Too often, this work is invisible. Too often, it is expected.

On International Women’s Day, we want to say clearly: this is strength. This is resilience. And it deserves recognition, not stigma.

Women are more likely to experience low pay, insecure work, part-time employment and caring responsibilities. These structural inequalities mean women are at greater risk of poverty and financial exclusion.

When debt escalates, the consequences can be severe:

  • Exclusion from affordable credit
  • Barriers to housing
  • Limited access to essential services
  • Damage to mental health and wellbeing

Financial hardship can isolate women socially and economically. It can shrink opportunities and undermine confidence. It can silence ambition.

But these outcomes are not inevitable. They are shaped by policy, funding, access to advice and the systems that surround people.

It is also vital to acknowledge that women’s experiences are not uniform.

If you are a disabled woman, a Black or minority ethnic woman, a migrant woman, a lone parent, or someone facing multiple disadvantages, the risk of poverty, debt and financial exclusion increases significantly.

Intersectionality matters because inequality compounds. Structural racism, ableism, gender discrimination and economic disadvantage do not operate separately, they intersect.

To improve women’s financial wellbeing, we must understand these overlapping barriers and design services, policies and funding that reflect real lives, not abstract categories.

Financial abuse remains a hidden but deeply damaging form of domestic abuse, and it primarily impacts women.

Controlling access to money, building debt in someone else’s name, preventing employment, monitoring spending: these are tactics used to entrap and disempower.

The consequences can last for years. Women may leave abusive relationships only to face debt, damaged credit files and long-term financial instability. Without specialist advice and support, rebuilding independence can feel impossible.

Advice services play a critical role in supporting victim survivors to regain control, challenge unfair debts and rebuild their financial futures.

Another issue which faces women is the precarity of funding for advice services.

When advice services close or reduce capacity, it is women who are disproportionately affected. Women who are juggling caring responsibilities and part-time work. Women who are recovering from abuse. Women who are already navigating complex systems on behalf of their families.

Without accessible, well-funded advice services, financial exclusion deepens. Poverty becomes entrenched. Stigma grows.

Sustainable funding is not simply about organisational survival, it is about protecting women’s wellbeing and life chances.


Advice changes lives

We see it every day.

A woman who has been living with overwhelming debt finally sleeps through the night.
A single parent regains confidence after negotiating affordable repayments.
A survivor of abuse clears coerced debt and begins to rebuild independence.

Advice services do not just resolve financial problems, they restore dignity, agency and hope.

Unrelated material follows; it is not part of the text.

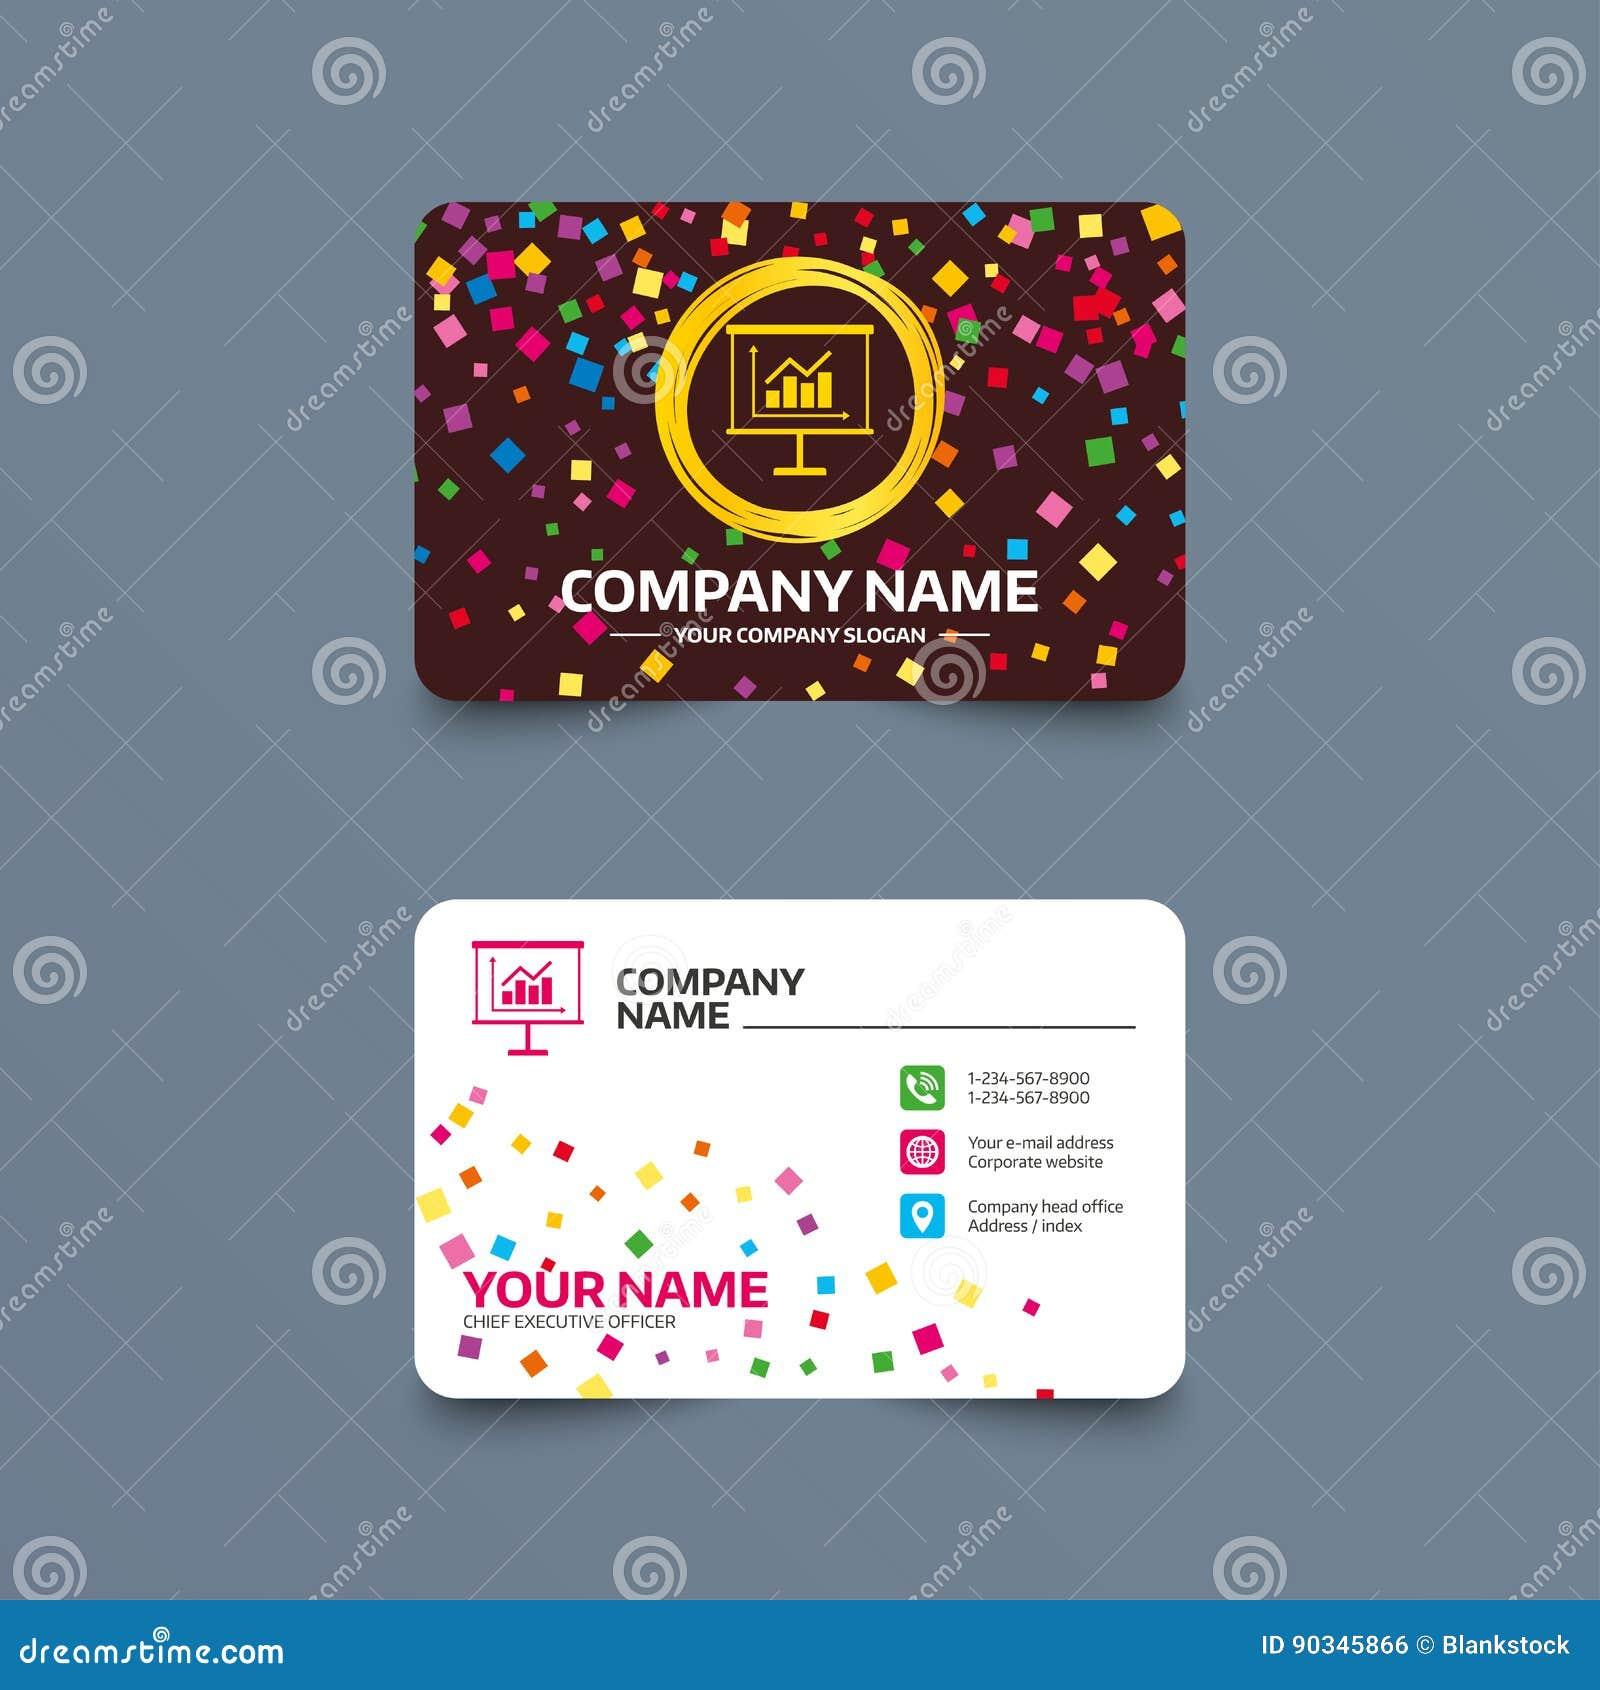 Calibre De Carte Visite Professionnelle Avec Des Morceaux Confettis Icne Signe Panneau Daffichage Prsentation Symbole Plan Et

On this International Women’s Day, we celebrate the women who make the money and debt advice sector extraordinary.

We stand in awe of the women who carry the burden of debt and still show up for their families.

And we recommit to challenging the stigma that surrounds financial hardship. Debt is not a personal failing. Poverty is not an individual flaw. Financial exclusion is not inevitable.

If we want to change wellbeing outcomes for women, we must:

  • Challenge harmful gender norms about who “should” manage money and absorb hardship
  • Recognise and address intersectional inequalities
  • Confront financial abuse
  • Protect and invest in advice services

When we do, we do more than budget. We change lives.